In [74]:
import jax.numpy as jnp
from jax import lax
import jax
import torch
import torch.autograd.functional as F
torch_jvp = F.jvp

## Cases
$$
\newcommand{\d}{{\mathrm{d}}}
\newcommand{\A}{{\mathbf{A}}}
\newcommand{\U}{{\mathbf{U}}}
\newcommand{\S}{{\mathbf{S}}}
\newcommand{\V}{{\mathbf{V}}}
\newcommand{\F}{{\mathbf{F}}}
\newcommand{\I}{{\mathbf{I}}}
\newcommand{\dA}{{\d\A}}
\newcommand{\dU}{{\d\U}}
\newcommand{\dS}{{\d\S}}
\newcommand{\dV}{{\d\V}}
\newcommand{\Ut}{{\U^{\top}}}
\newcommand{\Vt}{{\V^{\top}}}
\newcommand{\Vh}{{\V^{H}}}
\newcommand{\dAt}{{\dA^{\top}}}
\newcommand{\dVt}{{\dV^{\top}}}
\newcommand{\gA}{{\overline{\A}}}
\newcommand{\gU}{{\overline{\U}}}
\newcommand{\gUt}{{\gU^{\top}}}
\newcommand{\gS}{{\overline{\S}}}
\newcommand{\gSt}{{\gS^{\top}}}
\newcommand{\gV}{{\overline{\V}}}
\newcommand{\gVt}{{\gV^{\top}}}
$$
The derivative of the SVD operation is determined by

1. Computing the full SVD vs the "thin"/"partial" SVD
2. Computing the complete factorization $\U\S\Vh$ vs computing just the singular values $\S$
3. complex vs real inputs

These cases create 8 different cases for the SVD derivative each with separate differential formulas for forward mode AD update and adjoint formula for the reverse mode AD update.

## Numerical instability
TODO

## Real valued partial SVD

Reference: https://j-towns.github.io/papers/svd-derivative.pdf

### Forward mode

The differential formulas $\dU$, $\dS$, and $\dV$ in terms of $\dA$, $\U$, $\S$, and $\V$ are found from the standard chain rule (TODO check this from the differential formula).

Standard chain rule

$\dA = \dU \S \Vt + \U \dS \Vt + \U \S \dVt$

Differential formulas

$\dU = \U ( \F \circ [\Ut \dA \V \S + \S \Vt \dAt \U] ) + (\I_m - \U \Ut ) \dA \V \S^{-1}$

$\dS = \I_k \circ [\Ut \dA \V]$

$\dV = \V (\F \circ [\S \Ut \dA \V + \Vt \dAt \U \S]) + (\I_n - \V \Vt) \dAt \U \S^{-1}$

where

$F_{ij} = \frac{1}{s_j^2 - s_i^s}, i \neq j$

$F_{ij} = 0$ otherwise

In [66]:
def svd_jvp_real_valued_partial(A, dA):
    # TODO add dimension check
    
    U, S_vals, Vt = jnp.linalg.svd(A, compute_uv=True, full_matrices=False)

    S = jnp.diag(S_vals)
    Ut = U.T
    V = Vt.T
    dAt = dA.T

    k = S.shape[0]
    m = U.shape[0]
    n = Vt.shape[0]

    I_k = jnp.eye(k)
    I_m = jnp.eye(m)
    I_n = jnp.eye(n)

    S_inv = jnp.linalg.inv(S)

    F_i_j = lambda i, j: lax.cond(i == j, lambda: 0., lambda: S_vals[i] * S_vals[j])
    F_fun = jax.vmap(jax.vmap(F_i_j, (0, None)), (None, 0))

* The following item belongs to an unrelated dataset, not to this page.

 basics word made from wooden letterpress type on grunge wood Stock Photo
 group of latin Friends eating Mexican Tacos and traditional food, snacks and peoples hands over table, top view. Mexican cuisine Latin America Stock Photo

    indices = jnp.arange(k)
    F = F_fun(indices, indices)

    dU = U @ (F * (Ut @ dA @ V @ S + S @ Vt @ dAt @ U)) + (I_m - U @ Ut) @ dA @ V @ S_inv
    dS = I_k * (U.T @ dA @ V)
    dV = V @ (F * (S @ Ut @ dA @ V + Vt @ dAt @ U @ S)) + (I_n - V @ Vt) @ dAt @ U @ S_inv
    
    dS_vals = jnp.diagonal(dS)
    
    return (U, S_vals, Vt), (dU, dS_vals, dV)

In [78]:
torch.tensor([[1., 2., 3.], [5., 4., 3.], [10., 15., 12.]])

tensor([[ 1.,  2.,  3.],
        [ 5.,  4.,  3.],
        [10., 15., 12.]])

In [82]:
def check_real_valued_partial(A, dA):
    (U, S, Vt), (dU, dS, dVt) = jax.jvp(
        lambda A: jnp.linalg.svd(A, compute_uv=True, full_matrices=False), 
        (A,), 
        (dA,)
    )
    (U_, S_, Vt_), (dU_, dS_, dVt_) = svd_jvp_real_valued_partial(A, dA)
    
    print(dU)
    print(dU_)
    
    assert(jnp.allclose(U, U_))
    assert(jnp.allclose(S, S_))
    assert(jnp.allclose(Vt, Vt_))
    assert(jnp.allclose(dU, dU_))
    assert(jnp.allclose(dS, dS_))
    assert(jnp.allclose(dVt, dVt_))

A_ = [[1., 2., 3.], [5., 4., 3.], [10., 15., 12.]]

A_jax = jnp.array(A_)
dA_jax = jnp.ones_like(A)

A_torch = torch.tensor(A_)
dA_torch = torch.ones_like(A_torch)

torch_jvp(lambda A: torch.linalg.svd(A, full_matrices=False), A_torch, dA_torch)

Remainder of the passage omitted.